Bakers has become the first firm to break a deadlock that has left most international law firms with Chinese offices but unable to practise Chinese law. The only firms to achieve it until now have come in the form of mergers, with Hong Kong-headquartered King & Wood merging with Australia’s Mallesons and then the UK’s SJ Berwin, while Dentons recently pulled off a combination with Dacheng.

The firm has achieved the landmark through a first-of-its-kind joint venture with local firm FenXun in the Shanghai free trade zone. The Shanghai Bureau of Justice said in a statement that the move marked ‘a historic step’.

Bakers currently has three Chinese offices providing international legal advice and has been in the country since 1993. FenXun, which is centred on providing corporate and finance advice, was founded in 2009 and has offices in Beijing and Shanghai. The firm has around 20 lawyers, five of whom are partners.

Eduardo Leite, chairman of Baker & McKenzie, said: ‘Baker & McKenzie has been committed to China for more than 40 years and being the first and only firm to be approved for joint operation in the China (Shanghai) Free Trade Zone again demonstrates our leadership in seizing new market opportunities to enhance our offering to our clients.’

Yingzhe Wang, founder and managing partner of FenXun Partners, said: ‘FenXun Partners’ mission has always been to deliver results that help our clients achieve their strategic and commercial objectives. The joint operation will better enable us to serve our PRC clients.’

Shanghai’s free trade zone has allowed new business models for international law firms to enter the Chinese legal market, with cooperation agreements open to firms operating in Hong Kong, Macao and Taiwan.

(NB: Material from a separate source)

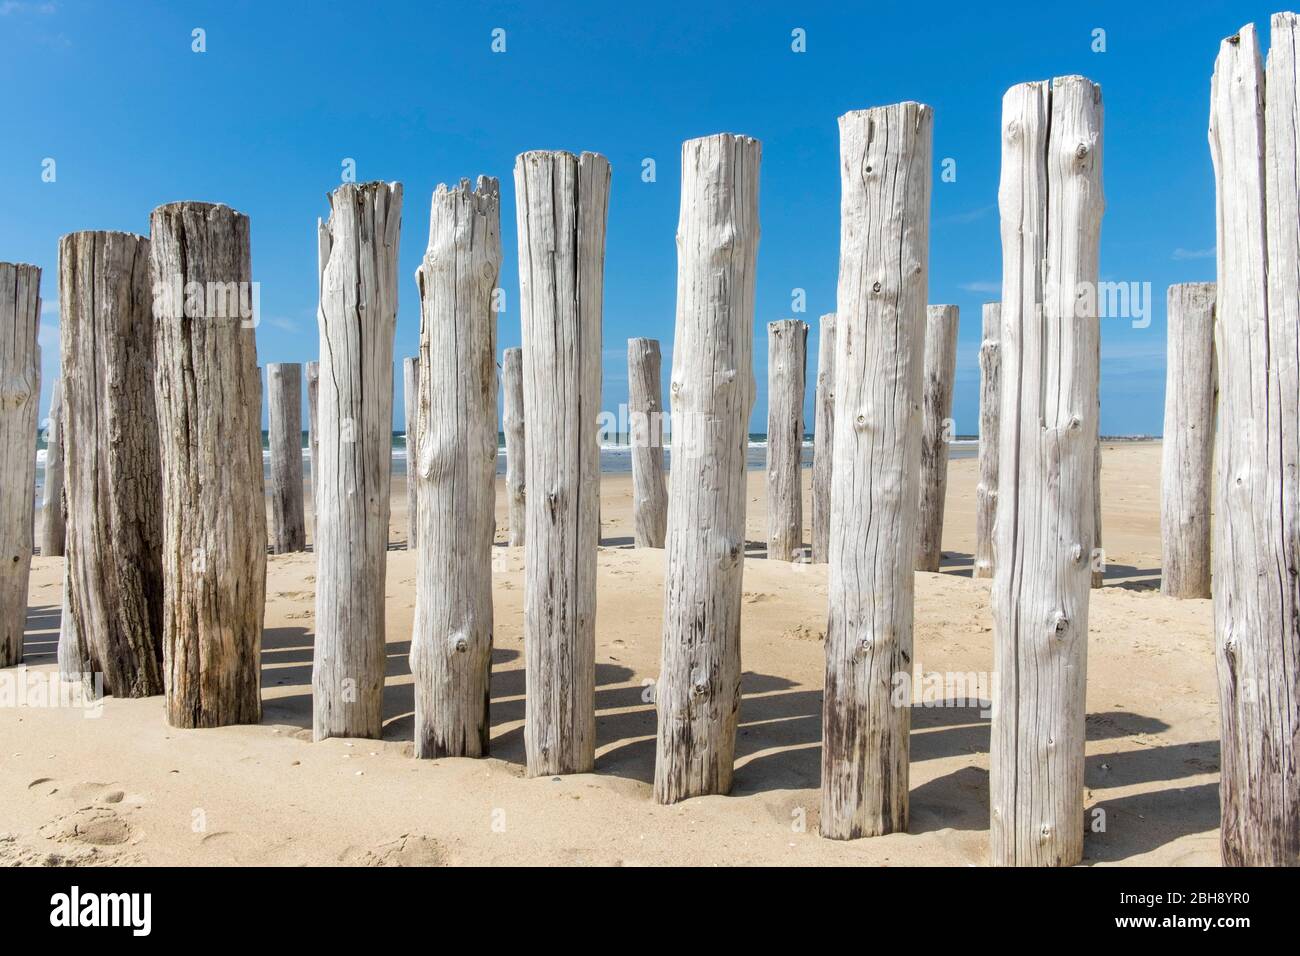 Holzpfähle in Holland mit Blick auf das Meer Banque D'Images

It is among the first batch of 23 measures being taken to liberalise service industries in the zone.

Previously, Chinese and foreign law firms in China’s legal service market were only able to separately provide Chinese and foreign legal services. The Shanghai Bureau of Justice said in a statement: ‘The “joint operation” and “mutual secondment of legal advisers” models now practiced in the China (Shanghai) Pilot Free Trade Zone do away with this unitary, isolationist service model and represent a milestone in the further liberalization and development of China’s legal service market.’